Visualizing in 2D using the Principal components 1 & principal components 2 as y and x axis.

In [None]:
fig,ax=plt.subplots(1,1,figsize=(20,20))
ax.set_xlabel('principal_components_1',fontsize=20)
ax.set_ylabel('principal_components_2',fontsize=20)
ax.set_title('Customers Exited on PC1 & PC2',fontsize=20)

Targets=[0,1]
colors=['r','k']

for target,color in zip(Targets,colors):
    index_no_target=final_df['Exited']==target
    ax.scatter(final_df.loc[index_no_target,'principal_components_1'],
               final_df.loc[index_no_target,'principal_components_2'],
              c=color)
    ax.legend(Targets)
    ax.grid()

In [None]:
pca.explained_variance_ratio_

We observed that only 15.44% and 14.3% variances is attributed to eachc of the first two principal components.
Since we have 13 dimension in feature space, we will try to retain most of the variance using 10 principal components.

In [None]:
n_comp=10
pca_10=PCA(n_components=n_comp)
pca10_comp=pca_10.fit_transform(scaled_churn_data_cleaned)
df_PCA_10=pd.DataFrame(pca10_comp,
                       columns=['Principal_component_%s'%(i+1) for i in range(n_comp)],
                      index=range(1,len(pca10_comp)+1))
print(df_PCA_10)

In [None]:
sum(pca_10.explained_variance_ratio_)

In [None]:
#Test Train split of the datdset
from sklearn.model_selection import train_test_split

x_train,x_test,y_train,y_test=train_test_split(df_PCA_10,
                                               output_components,
                                               test_size=0.4,
                                               random_state=0)
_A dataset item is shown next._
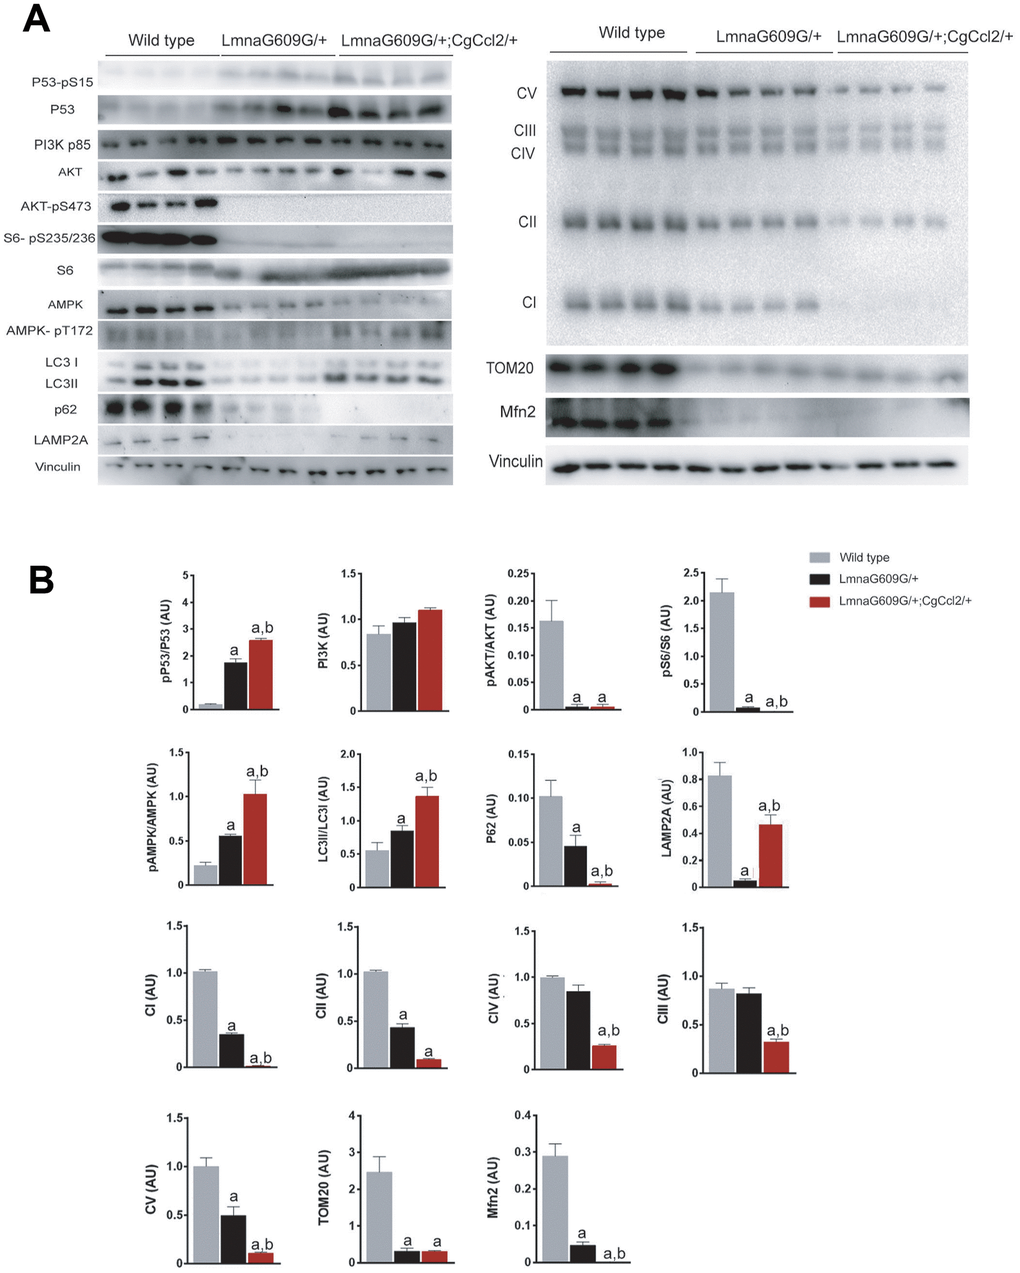 Ccl2 overexpression significantly altered the expression of the complexes related to oxidative phosphorylation and the relevant metabolic signaling pathways in the quadriceps muscle. Ccl2 overexpression exacerbated the metabolic reduction, mainly in mitochondria, (A) of the mice with accelerated aging and altered (B) the functioning of AMPK-mTOR-driven pathways. LMNAG609G/+;CGCCL2+/- and LMNAG609G/+ denote progeroid mice overexpressing and not overexpressing Ccl2, respectively. Values are shown as the means ± SEM; a pb p

We can see here that 95.8% of the variance is retained in these 10 Principal Components. 

Now we can proceed for creating the model development using the ten principal components created.
First we will start with Logistic Regression.

In [None]:
#Logistic Regression
from sklearn.linear_model import LogisticRegression
from sklearn.metrics import accuracy_score,precision_score,recall_score,classification_report
from sklearn.metrics import confusion_matrix,precision_recall_curve,roc_curve,auc,log_loss

model=LogisticRegression()
model.fit(x_train,y_train)
y_pred=model.predict(x_test)
y_pred_proba=model.predict_proba(x_test)[:, 1]
[fpr,tpr,thr]=roc_curve(y_test,y_pred_proba)
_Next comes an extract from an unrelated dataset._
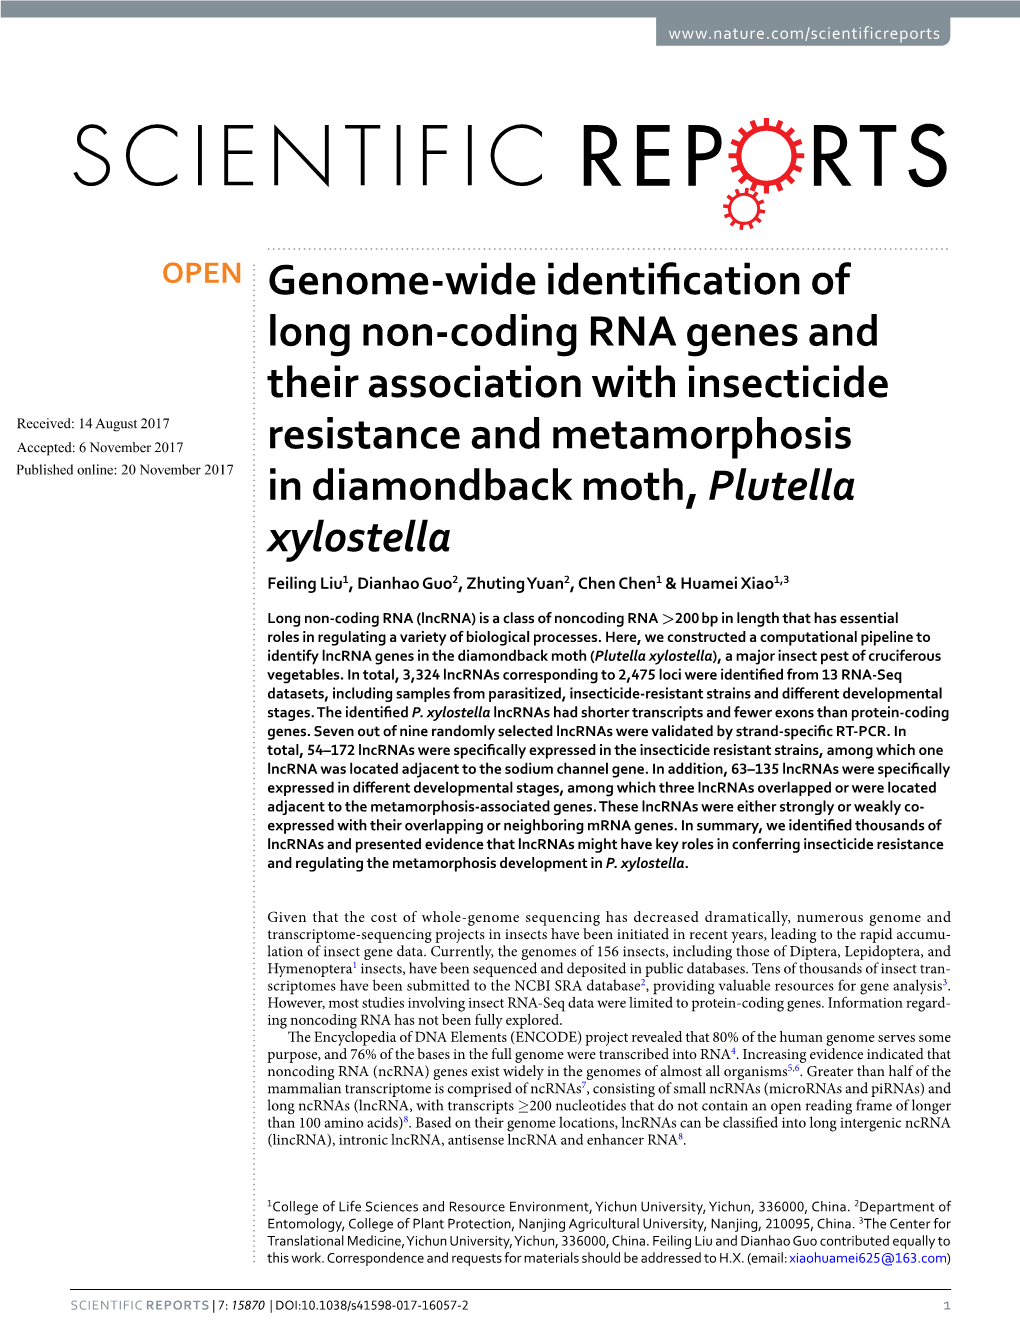 Genome-Wide Identification of Long Non-Coding RNA Genes and Their

print('Train/Test split results:')
print(model.__class__.__name__+" accuracy is %2.3f" % accuracy_score(y_test, y_pred))
print(model.__class__.__name__+" log_loss is %2.3f" % log_loss(y_test, y_pred_proba))
print(model.__class__.__name__+" auc is %2.3f" % auc(fpr, tpr))
print(model.__class__.__name__+" score is  %.2f" % model.score(x_test,y_test))

The score is pretty well, lets now try with some other algorithm and see if we can get any better results.
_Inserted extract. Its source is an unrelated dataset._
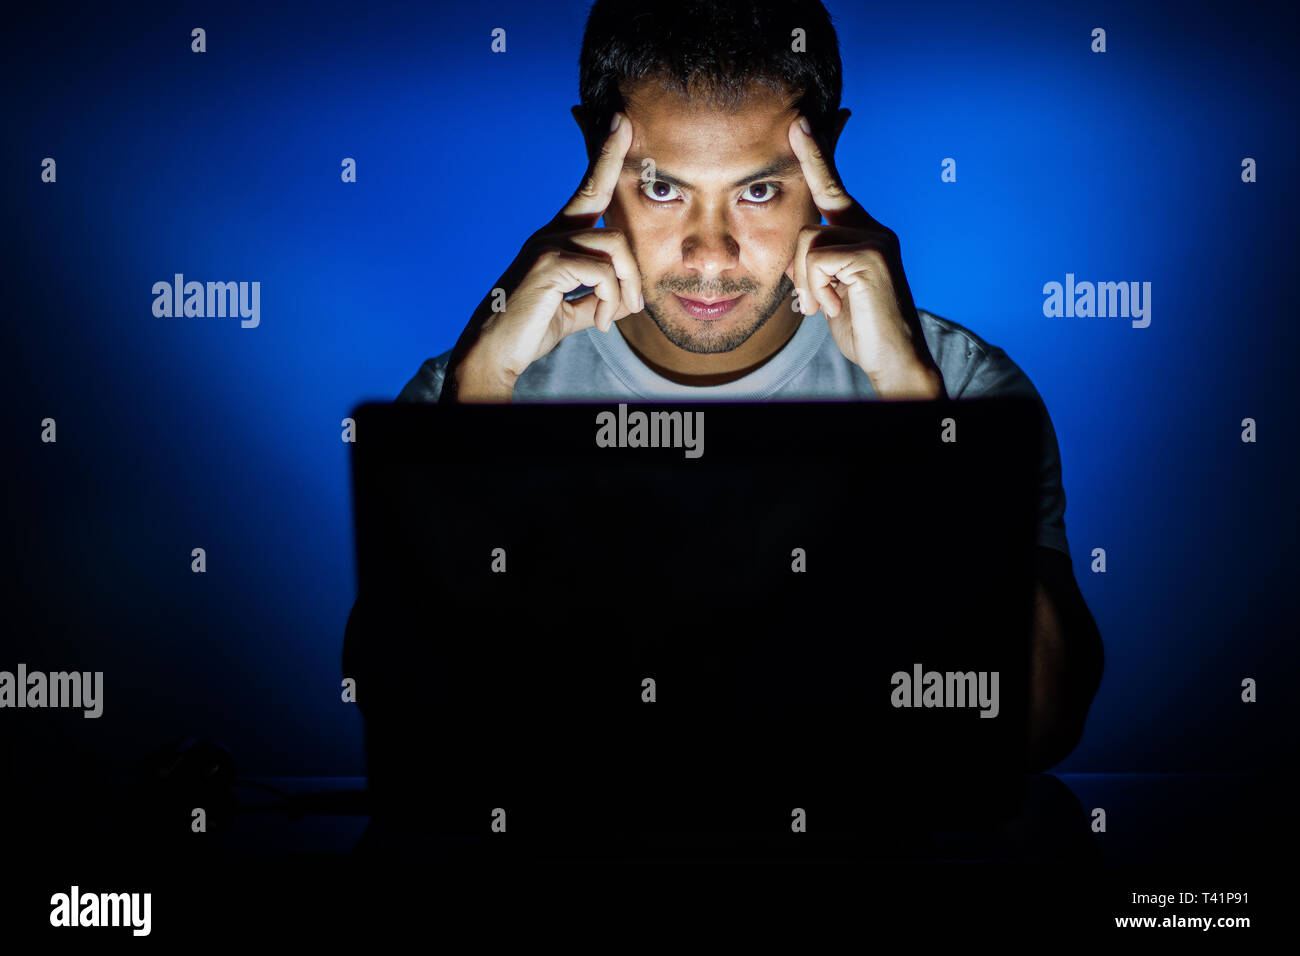 Man thinking in the computer with blue background Stock Photo

Now lets start with Decision tree model, and see the results.

In [None]:
from sklearn.tree import DecisionTreeClassifier
from sklearn.model_selection import cross_val_score

model=DecisionTreeClassifier(random_state=0)
model.fit(x_train,y_train)
y_pred=model.predict(x_test)

score=model.score(x_test,y_test)
print(score)

In [None]:
cross_val_score(model,x_train,y_train,cv=10)

In [None]:
from sklearn.ensemble import RandomForestClassifier

model=RandomForestClassifier(n_estimators=100,
                            bootstrap=True,
                            max_features='sqrt')
model.fit(x_train,y_train)
y_pred=model.predict(x_train)
print(model.score(x_test,y_test))

We see a significant improvement in the model accuracy on going from Decision Tree to Random Forest classifier.